### DATA PROVIDED:
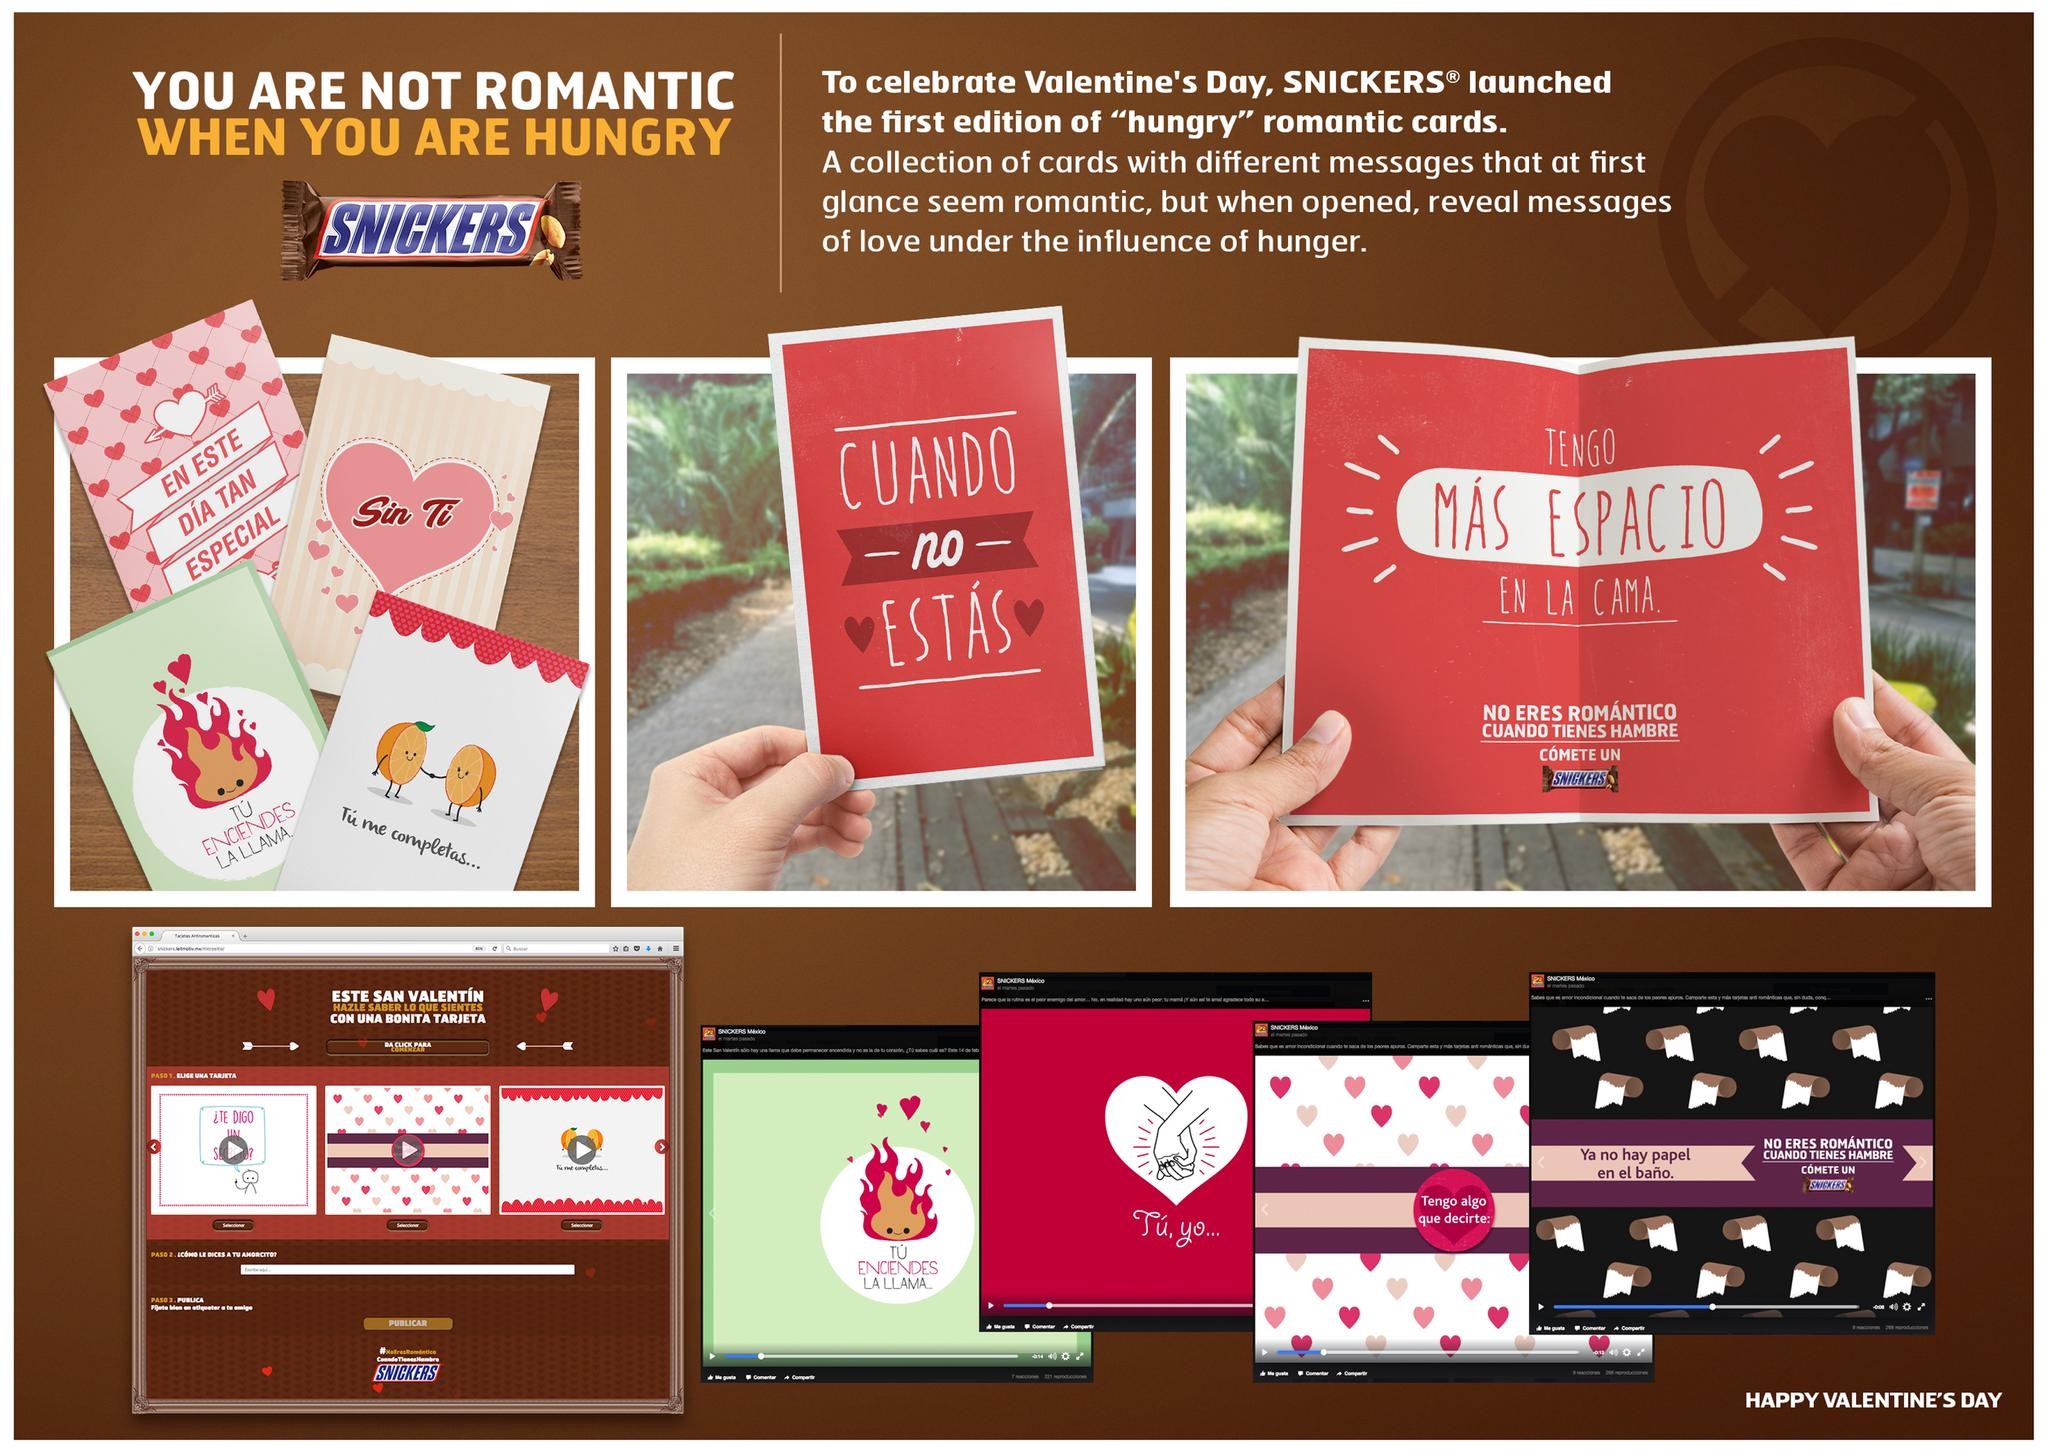 Hungry Romantic Cards
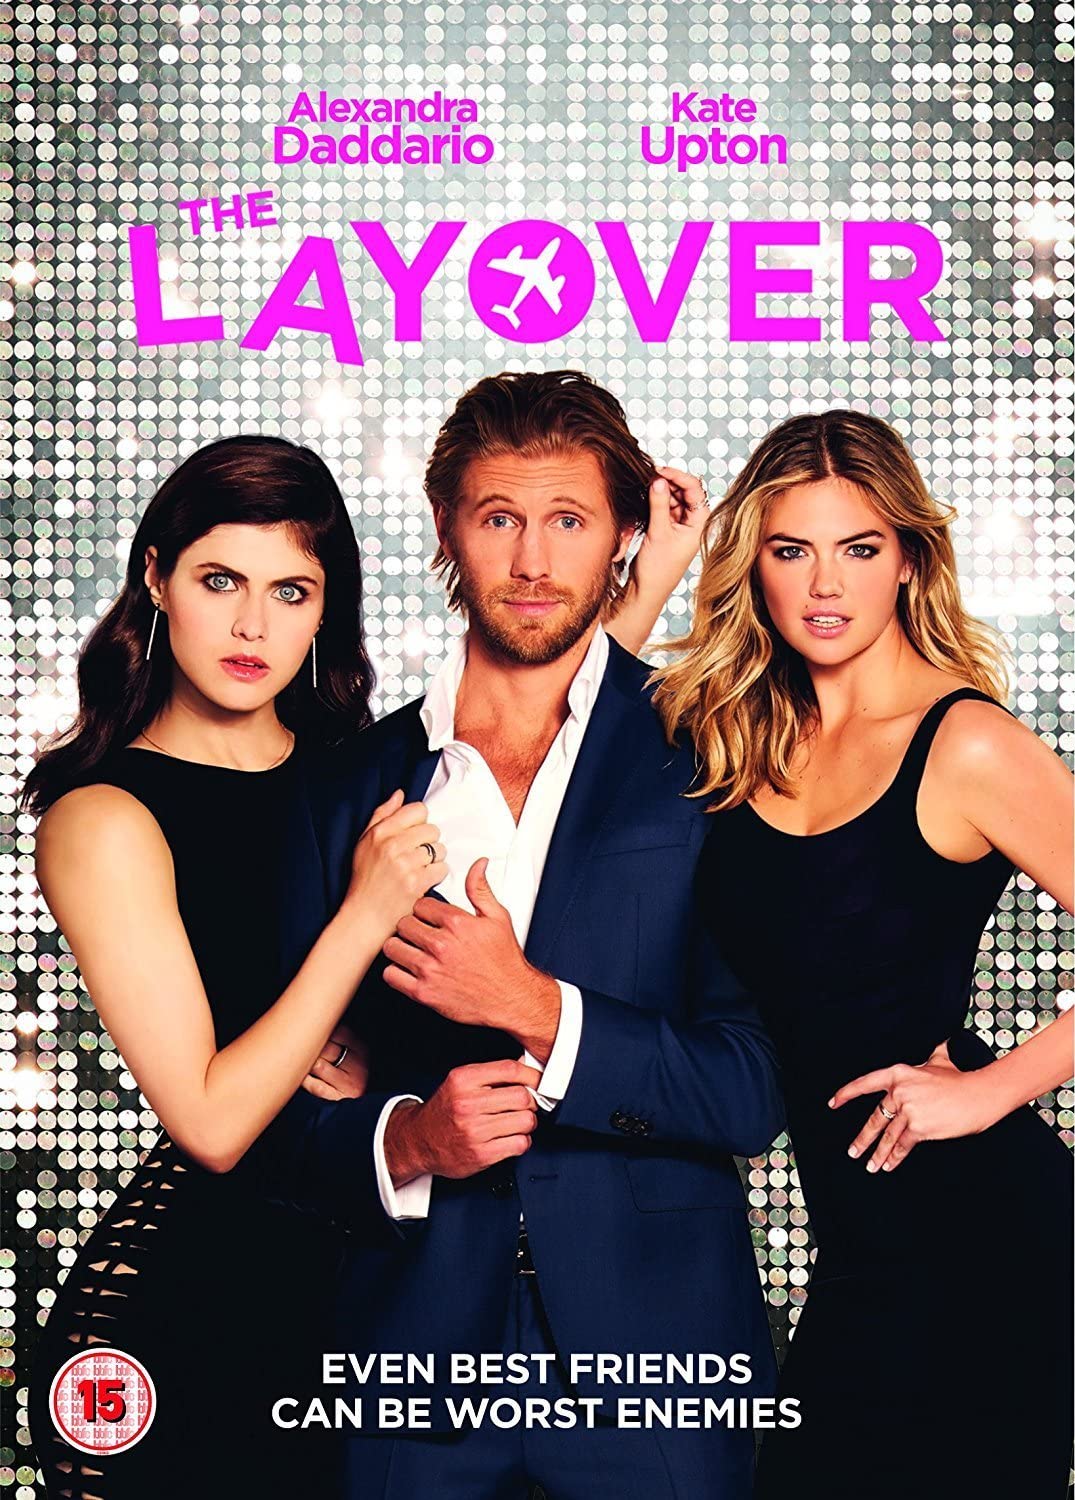 The Layover (DVD)
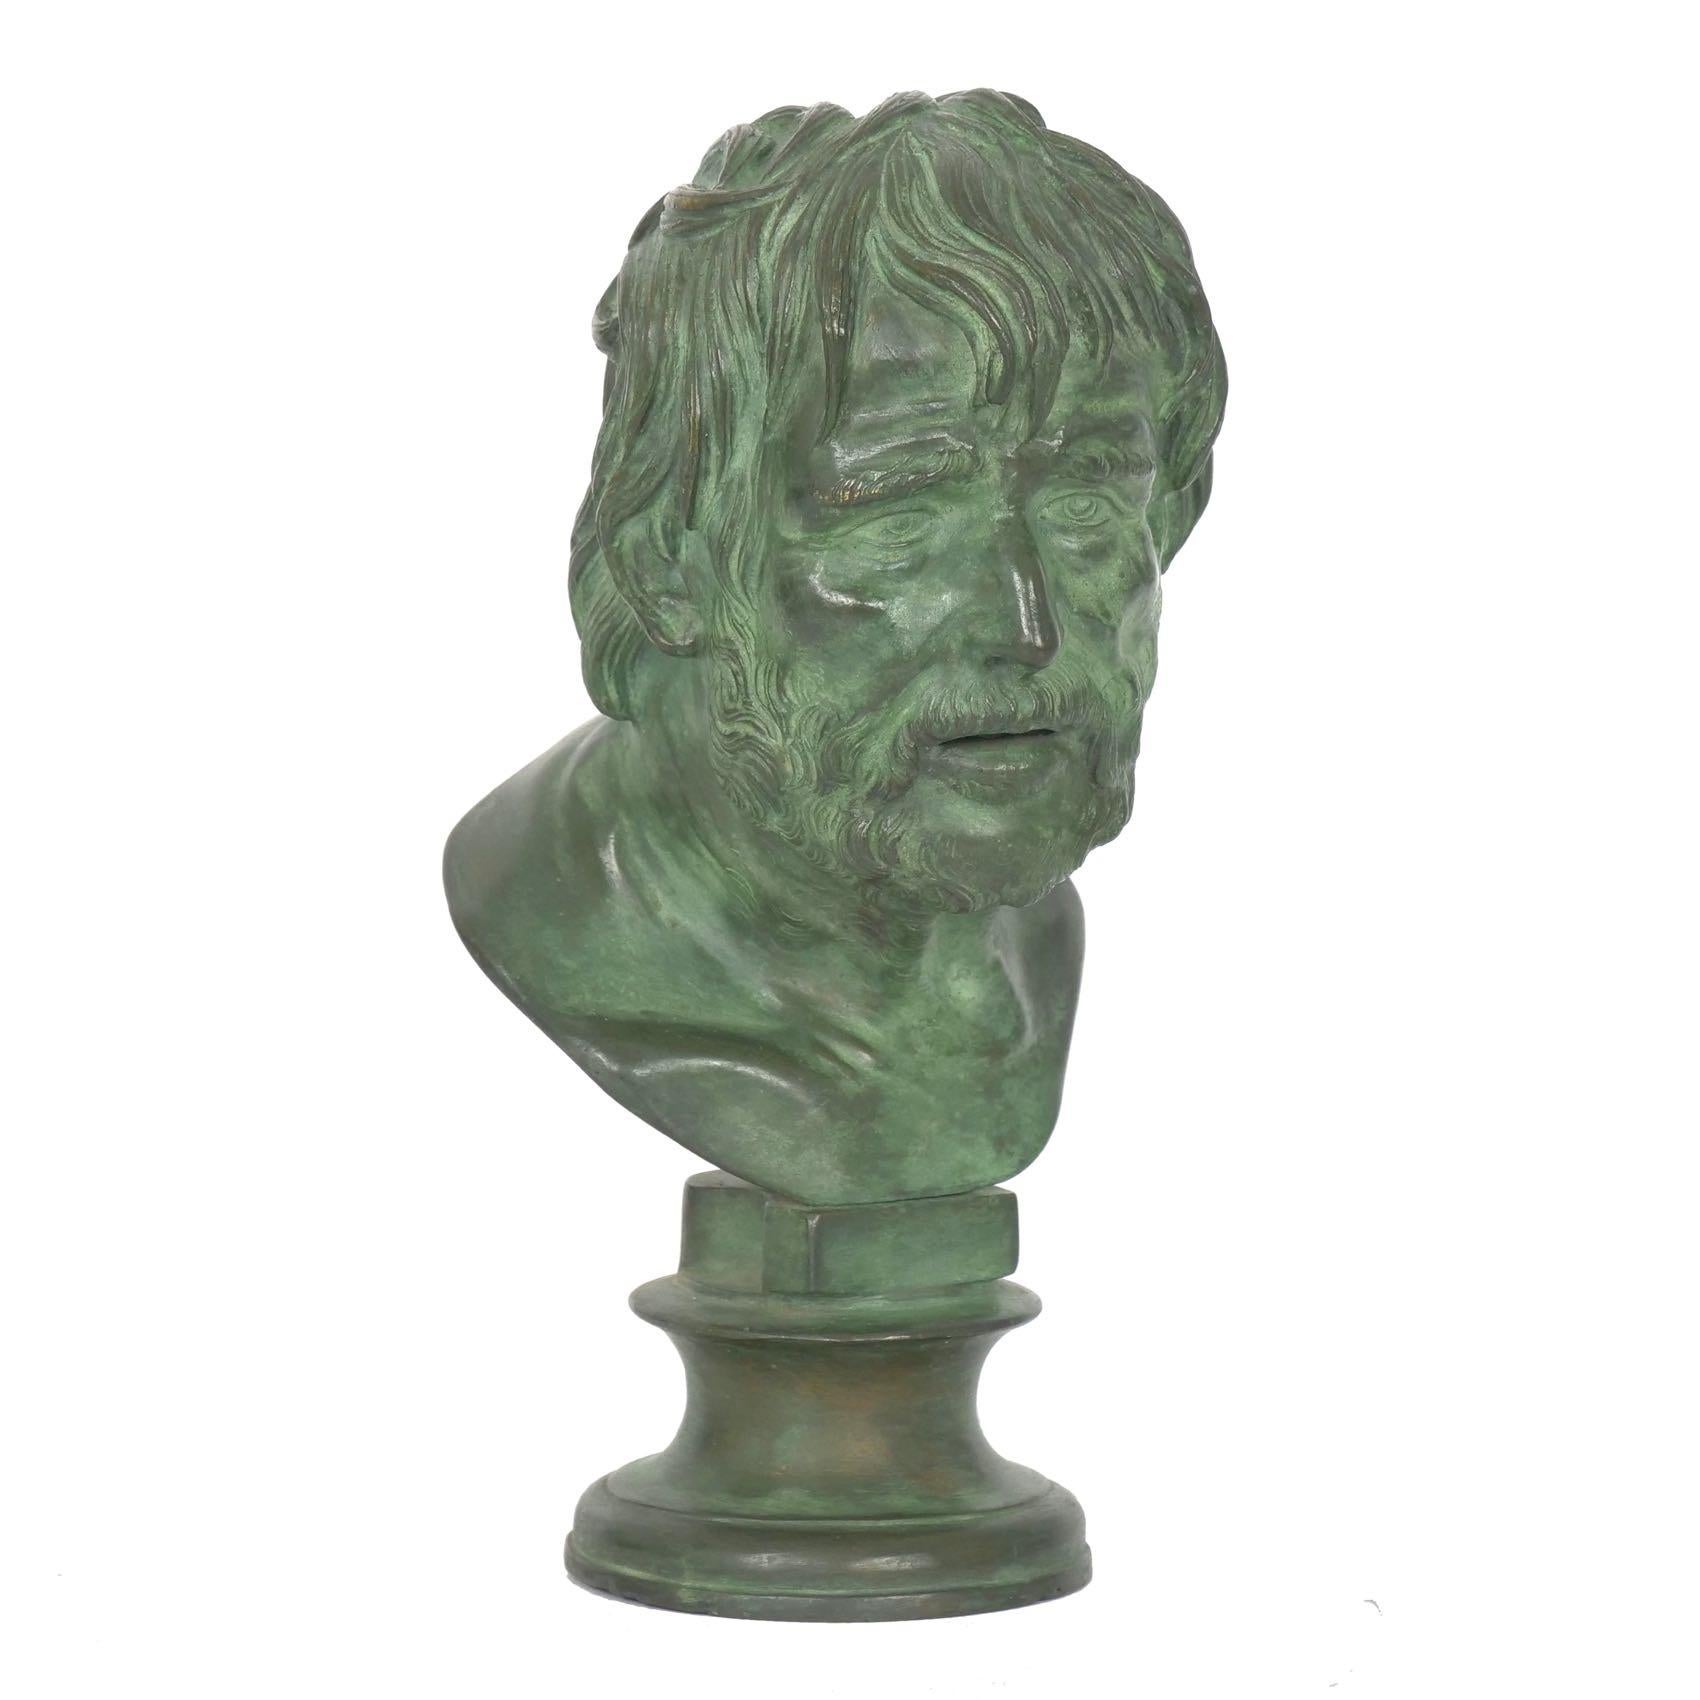 A fine 19th century Grand Tour bronze sculpture that was cast after the Pseudo-Seneca, this model is beautifully cast with fine hand chasing of the surfaces and chiselling of the details. Note the impeccably formed hair and his fine skin throughout,

### WHAT NEEDS TO BE DONE:
Reproduce all of the data exactly, omitting each picture it holds.

### WRITTEN SOLUTION:
 Hungry Romantic Cards
 The Layover (DVD)
 A fine 19th century Grand Tour bronze sculpture that was cast after the Pseudo-Seneca, this model is beautifully cast with fine hand chasing of the surfaces and chiselling of the details. Note the impeccably formed hair and his fine skin throughout,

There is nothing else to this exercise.